Note that Ruby 1.8.7 p248 and p249 have marshalling bugs that crash Rails 3.0. Ruby Enterprise Edition have these fixed since release 1.8.7-2010.02 though. On the 1.9 front, Ruby 1.9.1 is not usable because it outright segfaults on Rails 3.0, so if you want to use Rails 3 with 1.9.x jump on 1.9.2 for smooth sailing.
As part of the groundwork for supporting running multiple Rails applications in the same process, Rails 3 introduces the concept of an Application object. An application object holds all the application specific configurations and is very similar in nature to config/environment.rb from the previous versions of Rails.
Each Rails application now must have a corresponding application object. The application object is defined in config/application.rb. If you're upgrading an existing application to Rails 3, you must add this file and move the appropriate configurations from config/environment.rb to config/application.rb.
The new script/rails replaces all the scripts that used to be in the script directory. You do not run script/rails directly though, the rails command detects it is being invoked in the root of a Rails application and runs the script for you. Intended usage is:
$ rails console # instead of script/console $ rails g scaffold post title:string # instead of script/generate scaffold post title:string
Run rails --help for a list of all the options.

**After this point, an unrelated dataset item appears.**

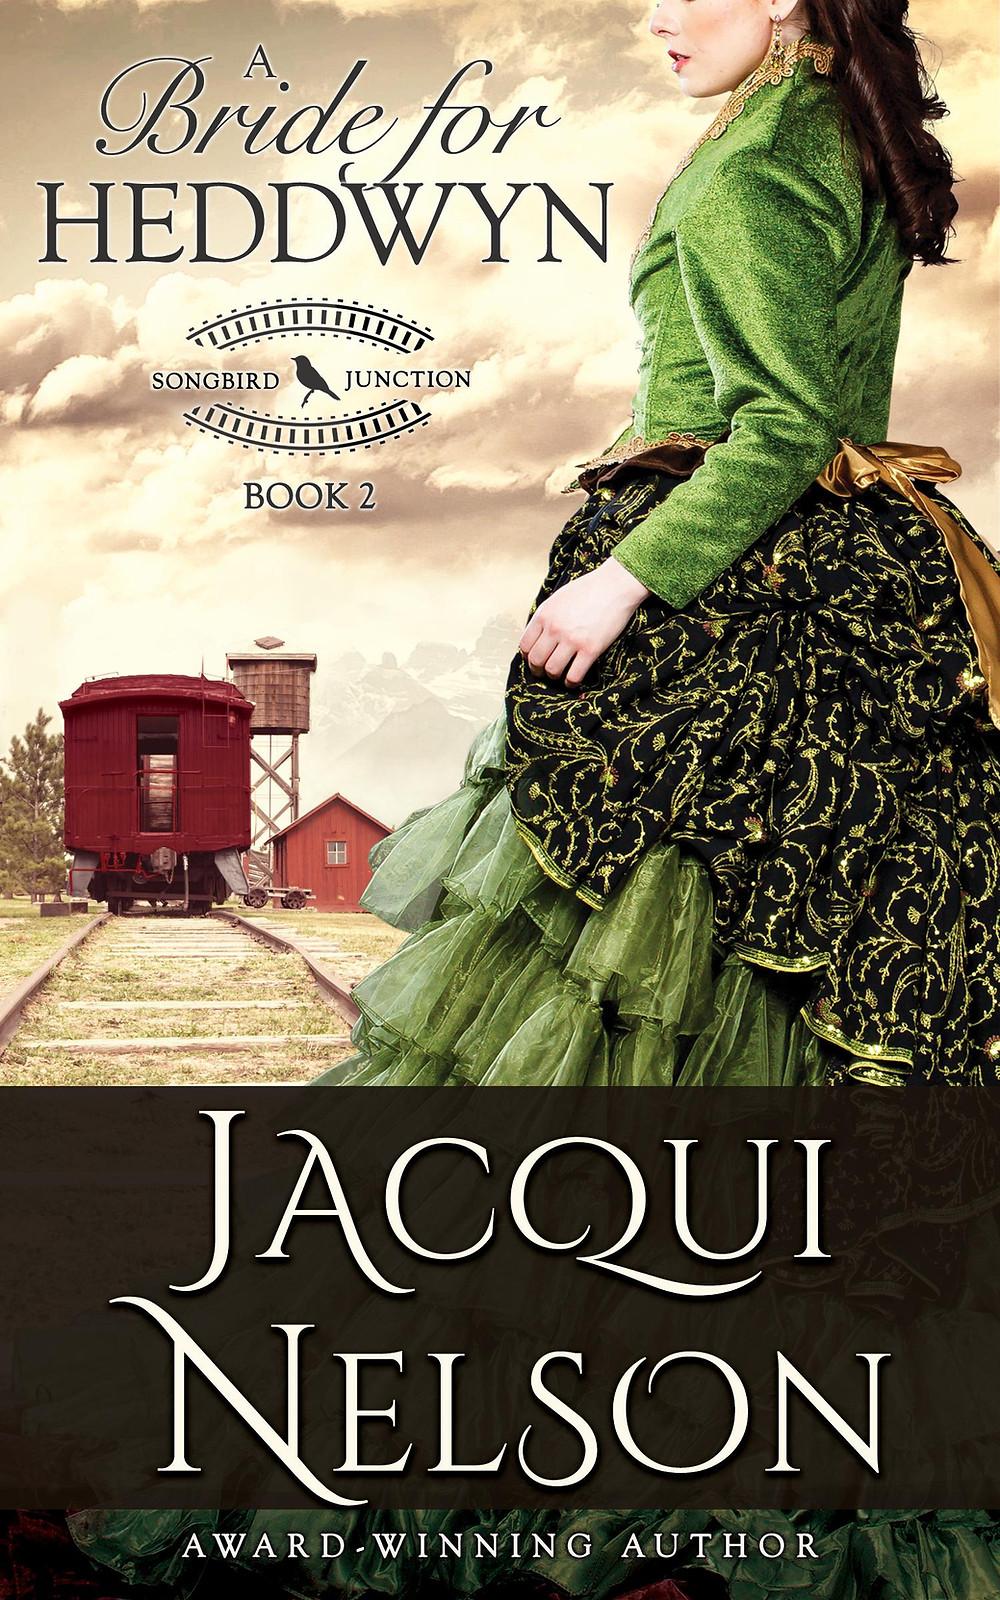 A Bride for Heddwyn by Jacqui Nelson

The config.gem method is gone and has been replaced by using bundler and a Gemfile, see Vendoring Gems below.
To help with the upgrade process, a plugin named Rails Upgrade has been created to automate part of it.
Simply install the plugin, then run rake rails:upgrade:check to check your app for pieces that need to be updated (with links to information on how to update them). It also offers a task to generate a Gemfile based on your current config.gem calls and a task to generate a new routes file from your current one. To get the plugin, simply run the following:
$ ruby script/plugin install git://github.com/rails/rails_upgrade.git
You can see an example of how that works at Rails Upgrade is now an Official Plugin
Aside from Rails Upgrade tool, if you need more help, there are people on IRC and rubyonrails-talk that are probably doing the same thing, possibly hitting the same issues. Be sure to blog your own experiences when upgrading so others can benefit from your knowledge!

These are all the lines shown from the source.